Foi exatamente assim. Ao final do espetáculo Gianfranco, ainda que 
cansado como se tivesse construido sozinho a pirâmide de Cheops, me levou 
para dar uma volta pela cidade de Cosenza, me deixando porém durante um 
tempo à espera do feliz evento. Chegados numa rua de chão em espiral e 
losângulos de mármore e desvendando os olhos que ele tinha pretendido que 
fossem mantidos fechados me colocou diante da escultura por mim cobiçada: 
aquela pela qualtinha perdido a cabeça como nunca me tinha acontecido em 
relação a uma mulher. 
“Sacripanta, ainda Sacripanta” gritei desta vez em voz alta, acordando 
consequentemente a vizinhança, no momento em que me vi diante dela.
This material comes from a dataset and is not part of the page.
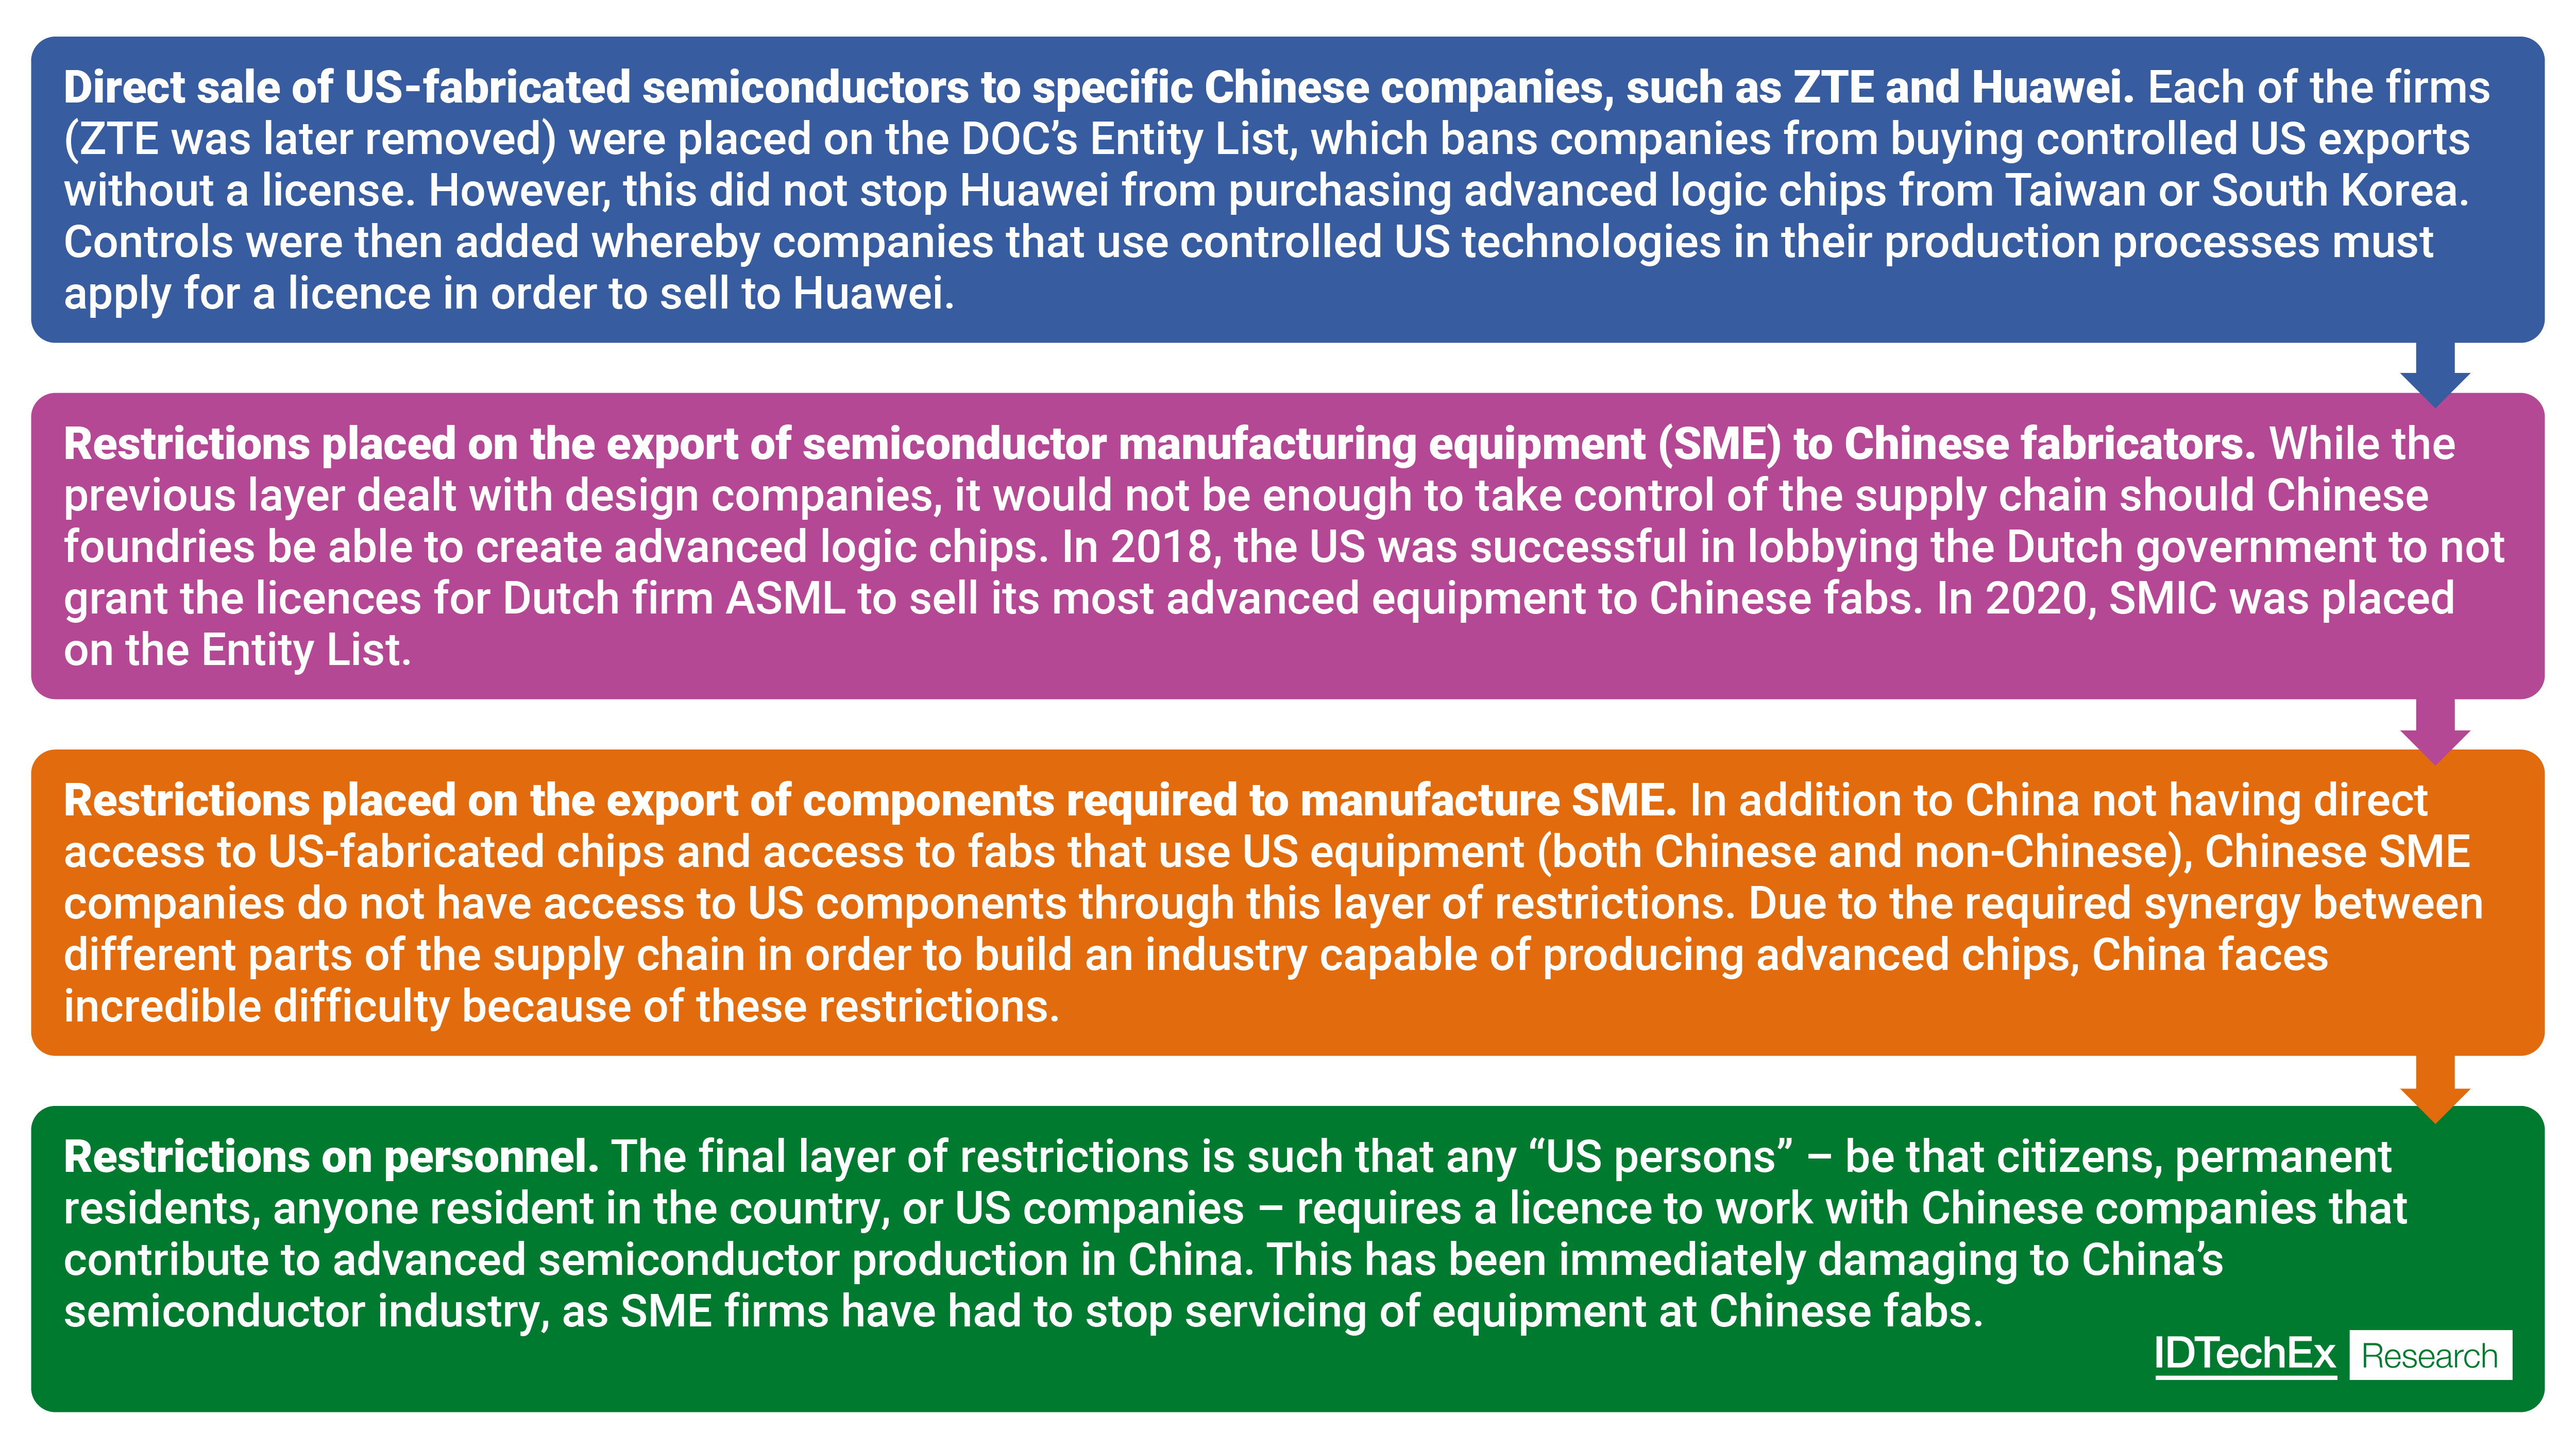 The tiered restrictions placed on China by the US, where semiconductor design, manufacture, and imports are concerned. Source: IDTechEx

Era 
ela mesma, o golpe do meu antagonista que tanto amargor me tinha causado. 
No Museu ao ar livre havia outras esculturas essas também presenteadas pelo 
grande colecionador à sua cidade natal. Porém, não prestei atenção pois o 
meu interesse era ainda totalmente outro. 
A minha espera foi, portanto, satisfeita. Podia retornar, finalmente, à 
Genebra, decepcionado. Decepção porque queria que tivesse sido eu, no lugar 
dele, a presentear a cidade de Cosenza com a escultura.